Livingstone was very sincere in his handsome acknowledgments, in the
Introduction to _The Zambesi and its Tributaries_, of valuable services,
especially from the members of the Expedition there named.]

At length the "Pioneer" was got off the bank, and on the 11th January,
1862, they entered the Zambesi. They prided to the great Luabo mouth, as
being more advantageous than the Kongone for a supply of wood. They were
a month behind their appointment, and no ship was to be seen. The ship
had been there, it turned out, on the 8th January, had looked eagerly
for the "Pioneer," had fancied it saw the black funnel and its smoke in
the river, and being disappointed had made for Mozambique, been caught
in a gale, and was unable to return for three weeks. Livingstone's
letters show him a little out of sorts at the manifold obstructions that
had always been making him "too late"--"too late for Rovuma below, too
late for Rovuma above, and now too late for our own appointment," but in
greater trouble because the "Lady Nyassa" had not been sent by sea, as
he had strongly urged, and as it afterward appeared might have been done
quite well. To take out the pieces and fit them up would involve heavy
expense and long delay, and perhaps the season would be lost again. But
Livingstone had always a saving clause, in all his lamentations, and
here it is: "I know that all was done for the best."

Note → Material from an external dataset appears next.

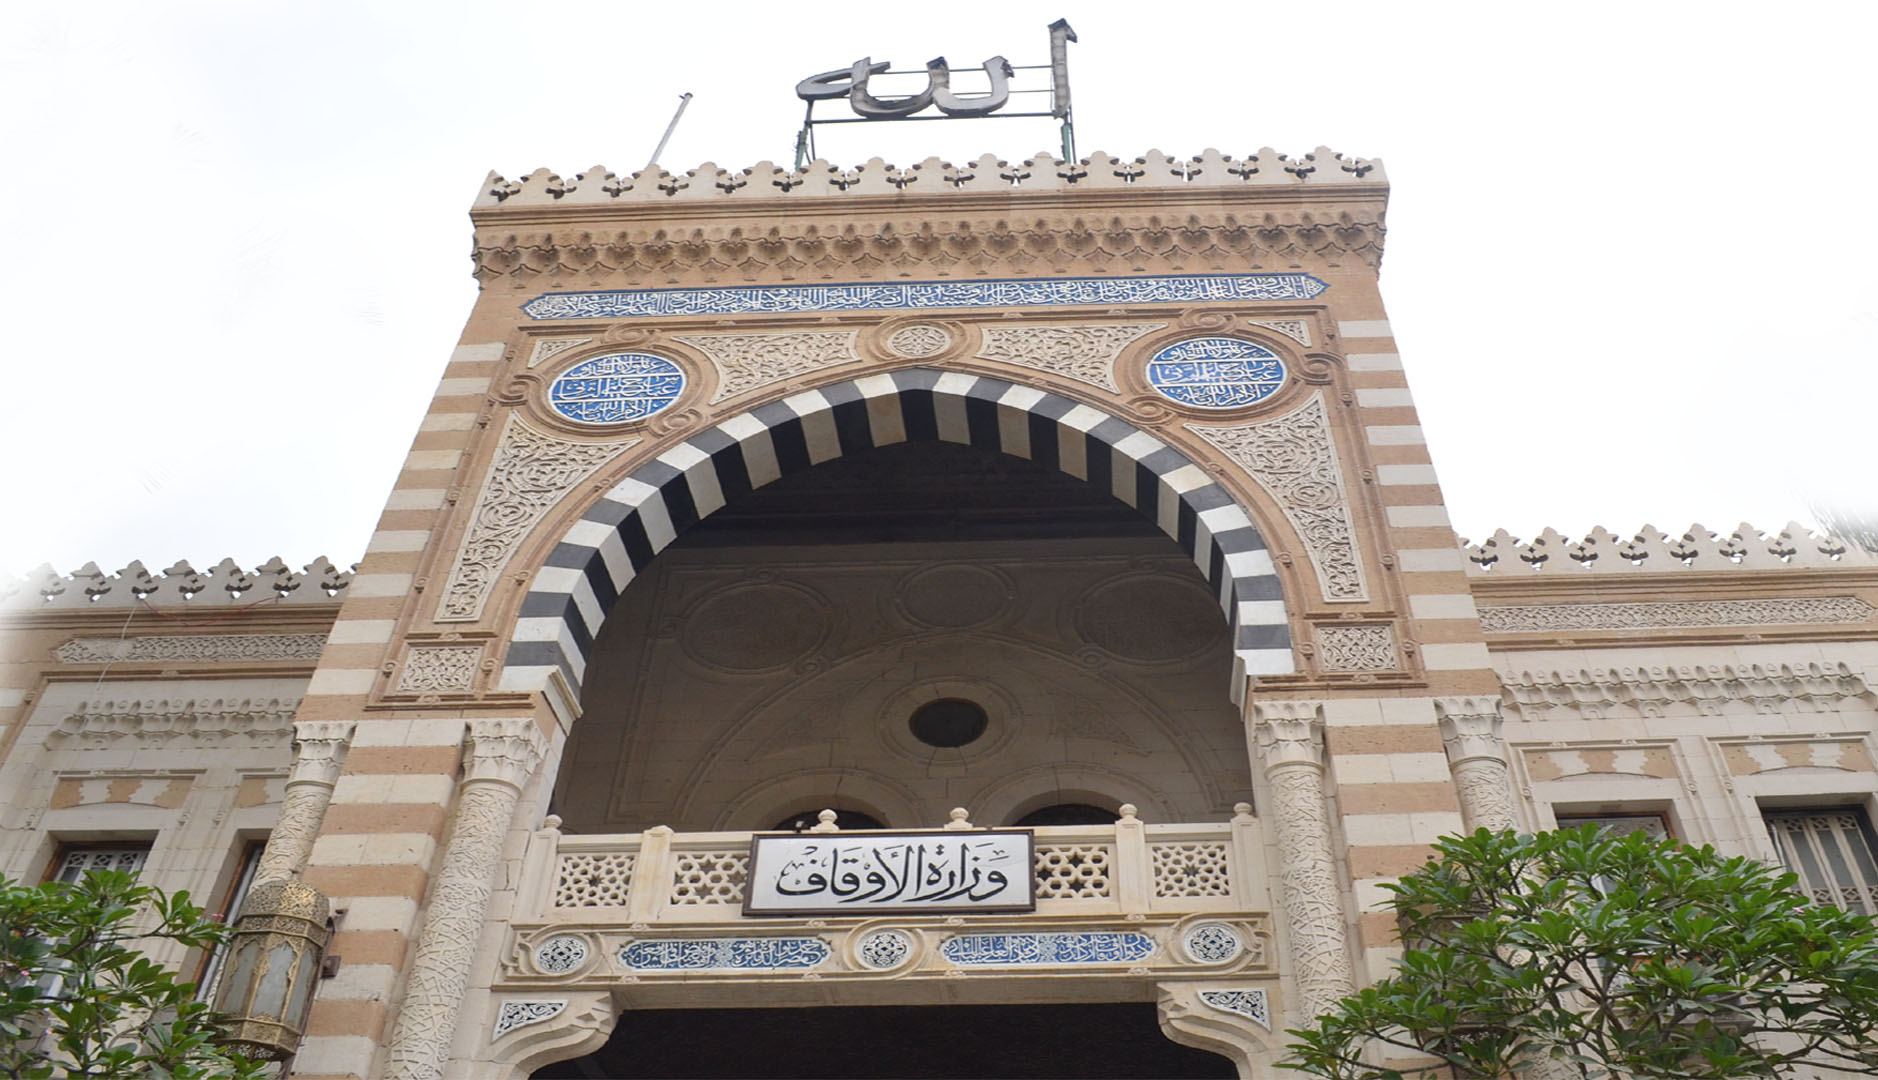 Photo of  من صحافة اليوم الثلاثاء  الموافق 7 / 4 / 2020م
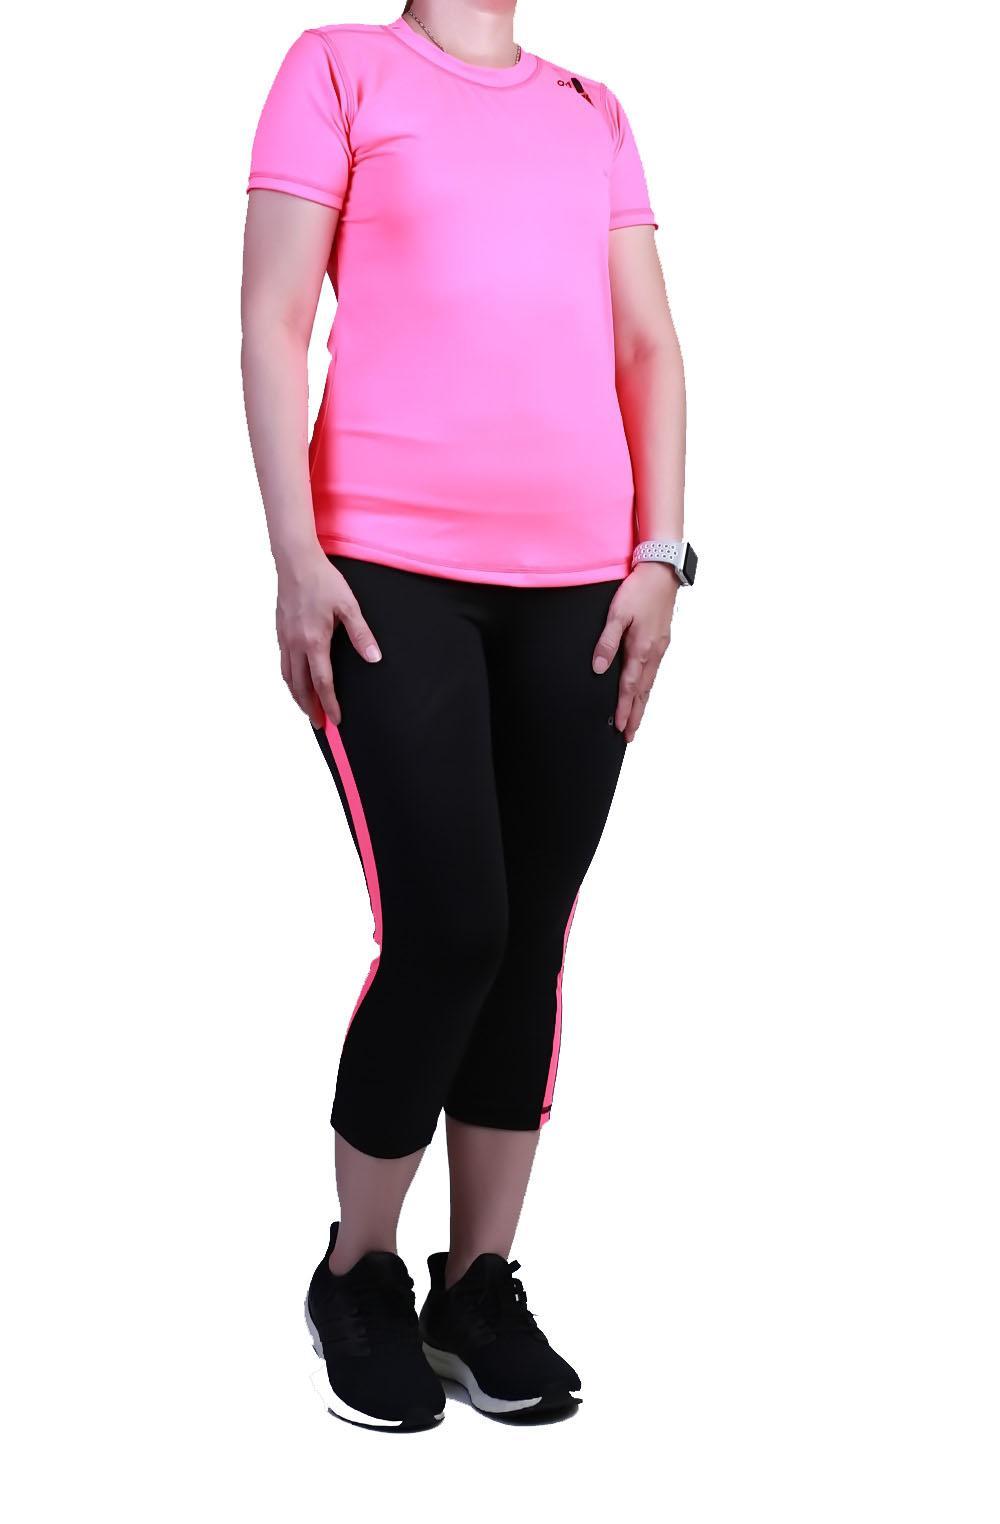 Ronaco Set Baju dan Celana Senam Wanita SBS1 - PINK All Size

At length, on the last day of January, H.M.S. "Gorgon," with a brig in
tow, hove in sight. When the "Pioneer" was seen, up went the signal from
the "Gorgon"--"I have steamboat in the brig"; to which Livingstone
replied--"Welcome news." Then "Wife aboard" was signaled from the ship.
"Accept my best thanks" concluded what Livingstone called "the most
interesting conversation he had engaged in for many a day." Next morning
the "Pioneer" steamed out, and Dr. Livingstone found his wife "all
right." In the same ship with Mrs. Livingstone, besides Miss Mackenzie
and Mrs. Burrup, the Rev. E. Hawkins and others of the Universities
Mission, had come the Rev. James Stewart, of the Free Church of Scotland
(now Dr. Stewart, of Lovedale, South Africa), who had been sent out by
a committee of that Church, "to meet with Dr. Livingstone, and obtain,
by personal observation and otherwise, the information that might be
necessary to enable a committee at home to form a correct judgment as to
the possibility of founding a mission in that part of Africa." It
happened that some time before Mr. Stewart had been tutor to Thomas
Livingstone, while studying in Glasgow; this drew his sympathies to
Livingstone and Africa, and was another link in that wonderful chain
which Providence was making for the good of Africa. From Dr. Stewart's
"Recollections of Dr. Livingstone and the Zambesi" in the _Sunday
Magazine_ (November, 1874), we get the picture from the other side.
First, the sad disappointment of Mrs. Livingstone on the 8th January,
when no "Pioneer" was to be found, with the anxious speculations raised
in its absence as to the cause. Then a frightful tornado on the way to
Mozambique, and the all but miraculous escape of the brig. Then the
return to the Zambesi in company with H.M.S. "Gorgon," and on the 1st of
February, in a lovely morning, the little cloud of smoke rising close to
land, and afterward the white hull of a small paddle steamer making
straight for the two ships outside.

"As the vessel approached," says Dr. Stewart, "I could make
out with a glass a firmly built man of about the middle
height, standing on the port paddle-box, and directing the
ship's course. He was not exactly dressed as a naval officer,
but he wore that gold-laced cap which has since become so
well known both at home and in Africa. This was Dr.
Livingstone, and I said to his wife, 'There he is at last.'
She looked brighter at this announcement than I had seen her
do any day for seven months before."

Through the help of the men of the "Gorgon," the sections of the "Lady
Nyassa" were speedily put on board the "Pioneer," and on the 10th
February the vessel steamed off for the mouth of the Ruo, to meet the
Bishop. But its progress through the river was miserable. Says
Dr. Stewart:

"For ten days we were chiefly occupied in sailing or hauling
the ship through sand-banks. The steamer was drawing between
five and six feet of water, and though there were long
reaches in the river with depth sufficient for a ship of
larger draught, yet every now and then we found ourselves in
shoal water of about three feet. No sooner was the boat got
off one bank by might and main, and steady hauling on capstan
and anchor laid out ahead, almost never astern, and we got a
few miles of fair steering, than again we heard that sound,
abhorred by all of us--a slight bump of the bow, and rush of
sand along the ship's side, and we were again fast for a few
hours, or a day or two, as the case might be."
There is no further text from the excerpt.